● Try it: This task asks for the lines from the one with "CHLOÉ ABY LEATHER SHOULDER BAG" to the final line below, repeated exactly, with pictures omitted.

● Source data:

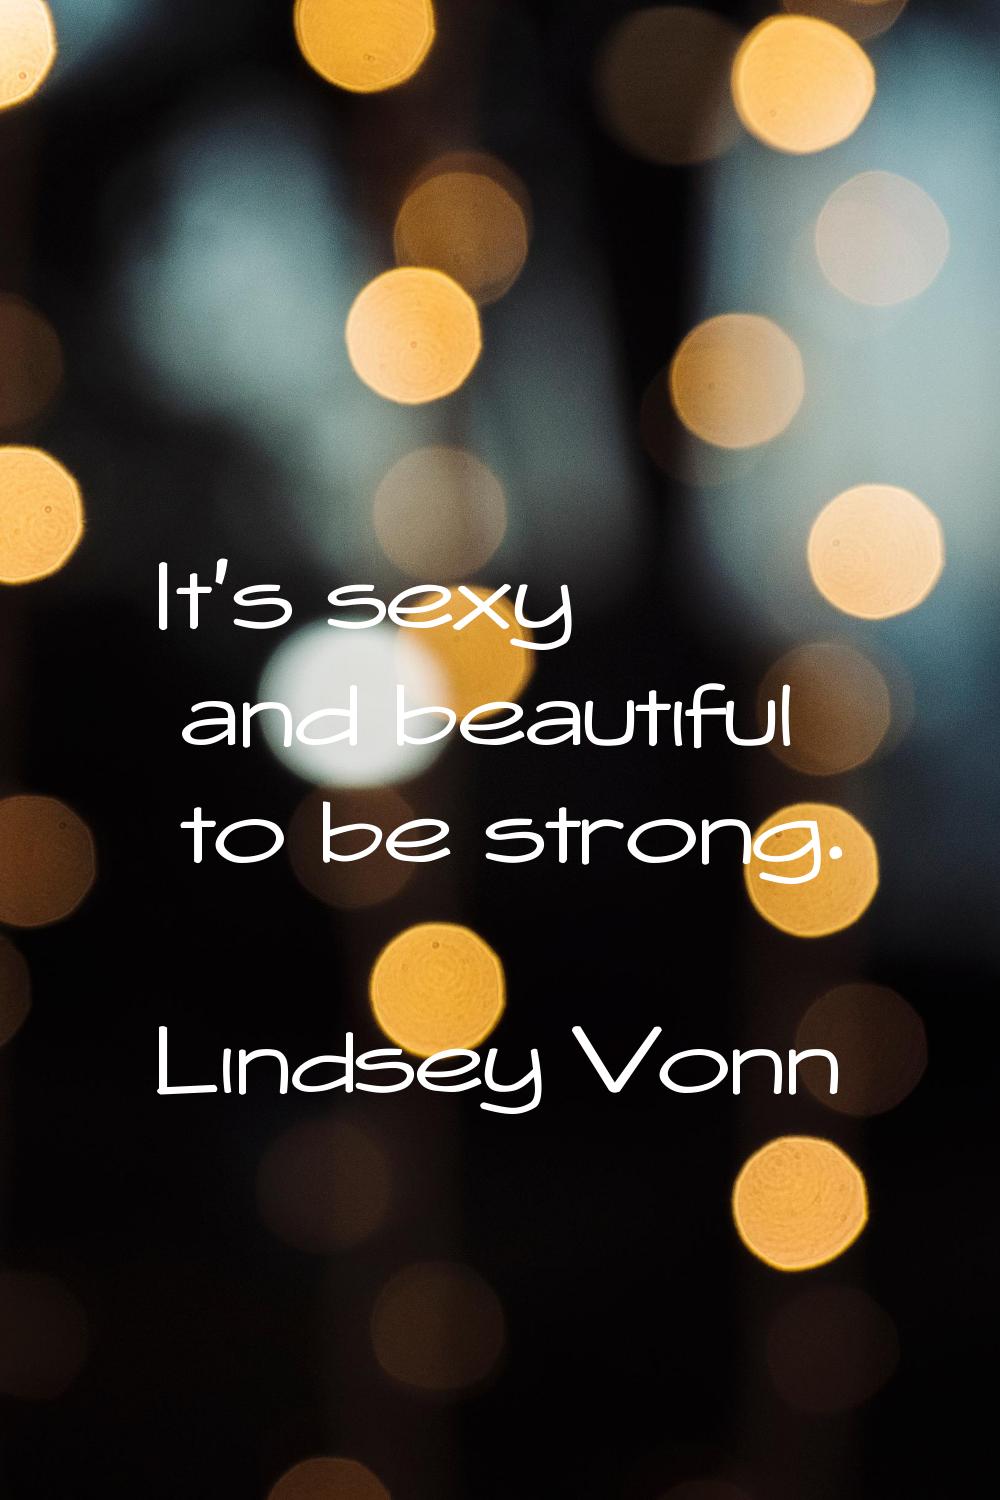 It's sexy and beautiful to be strong.
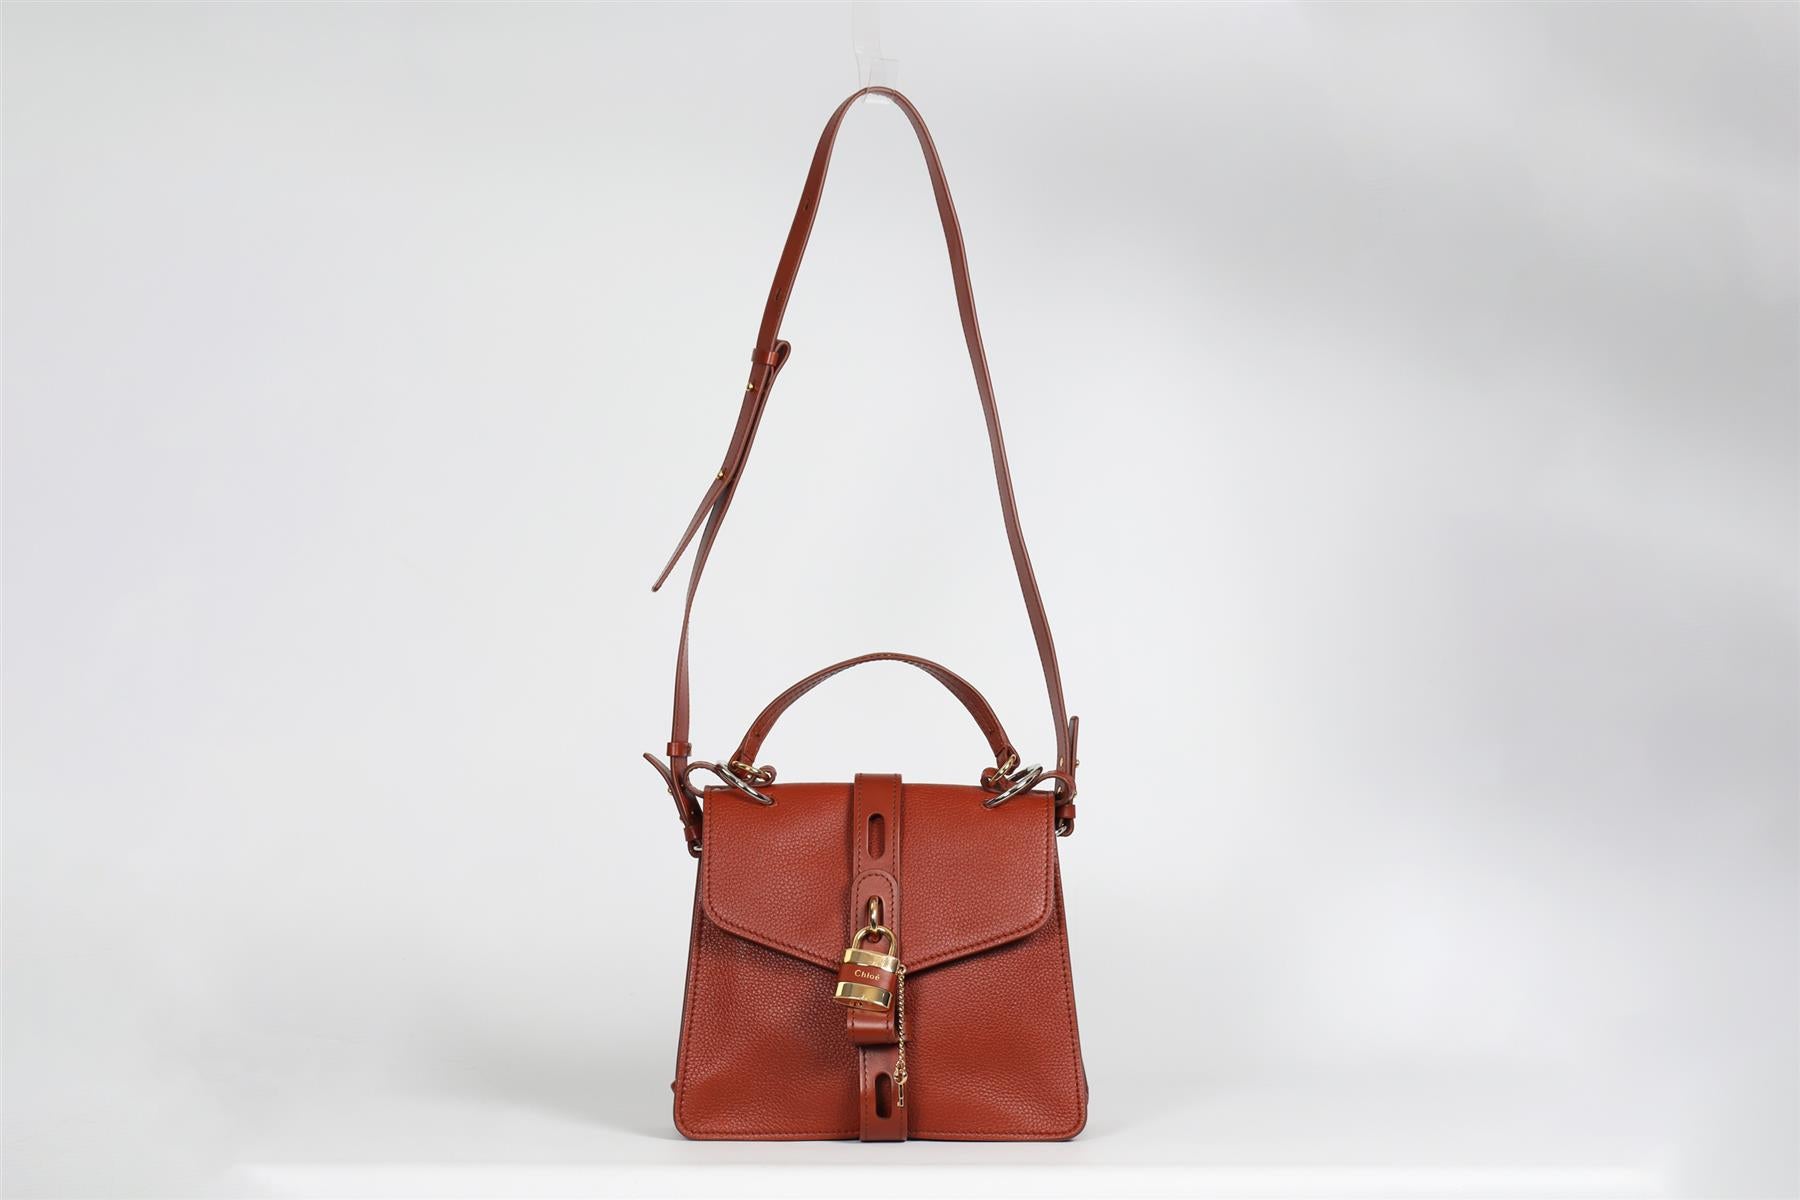 CHLOÉ ABY LEATHER SHOULDER BAG
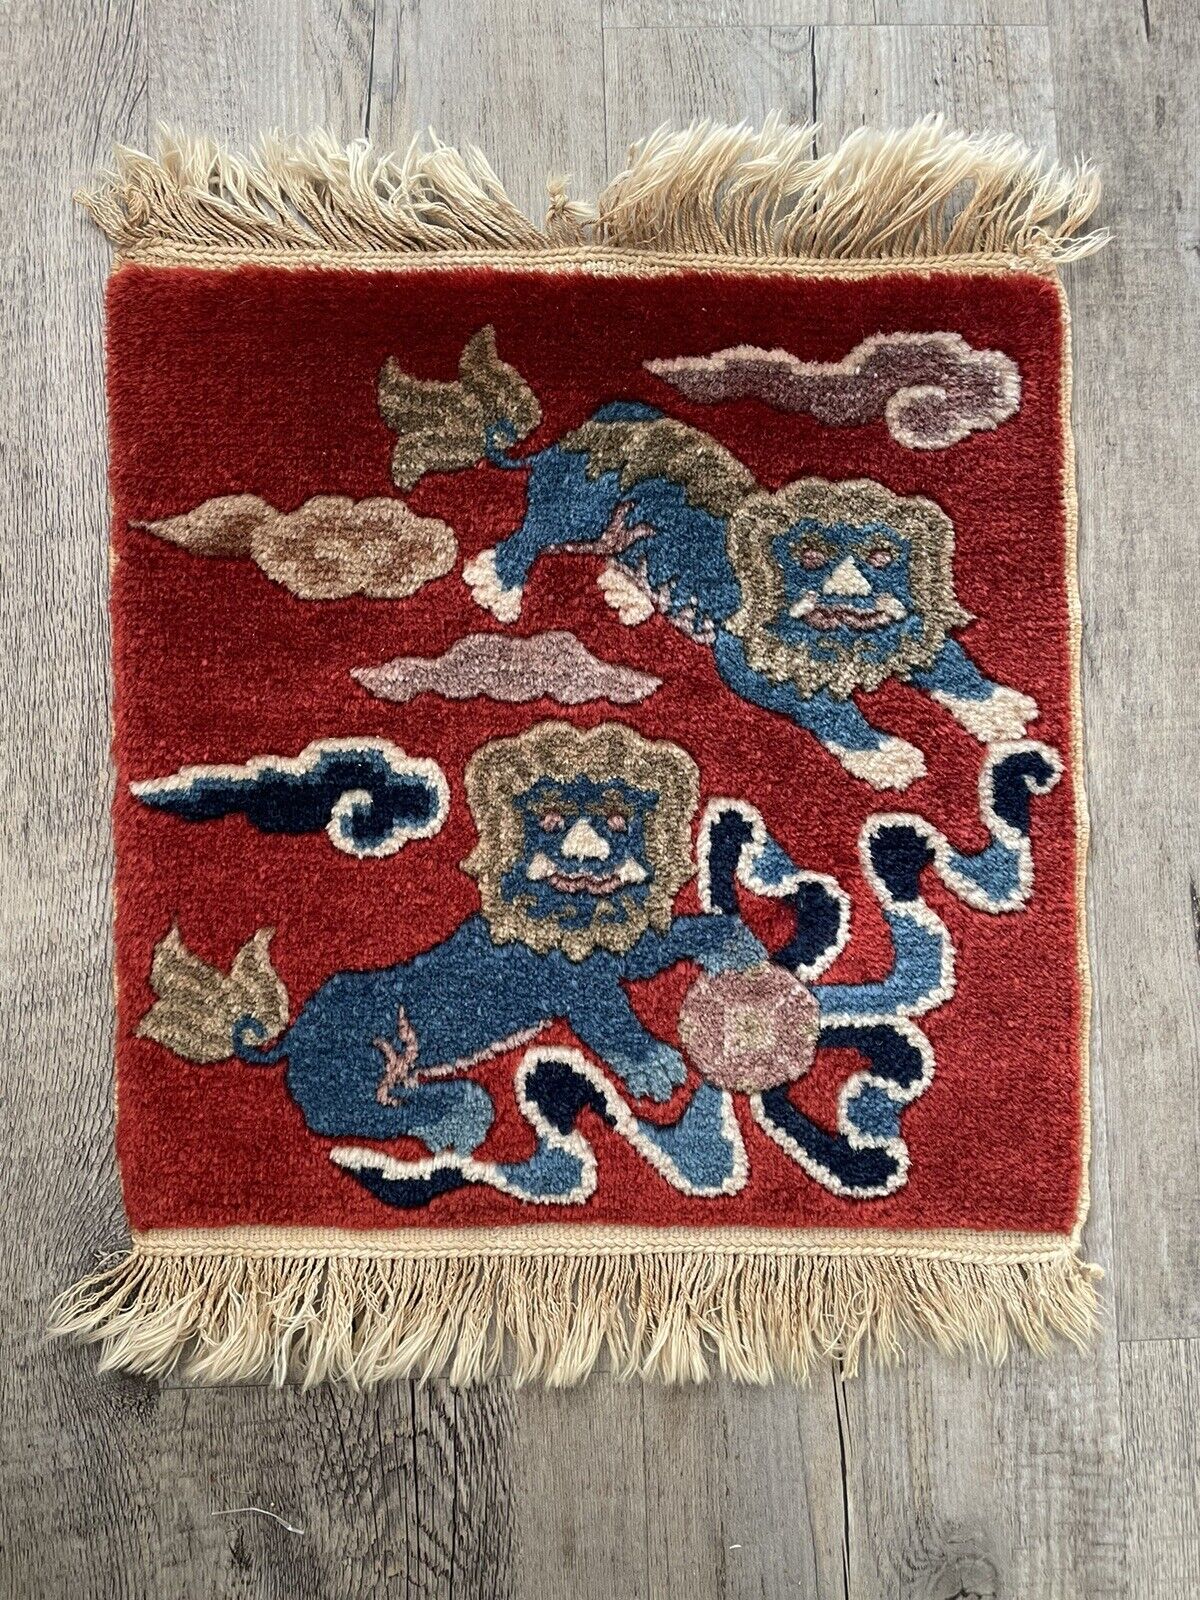 Close-up of vintage charm on Handmade Antique Art Deco Chinese Mat - Detailed view showcasing the vintage charm and appeal of the mat's design from the 1920s.

● Exercise solution:
 CHLOÉ ABY LEATHER SHOULDER BAG
 Close-up of vintage charm on Handmade Antique Art Deco Chinese Mat - Detailed view showcasing the vintage charm and appeal of the mat's design from the 1920s.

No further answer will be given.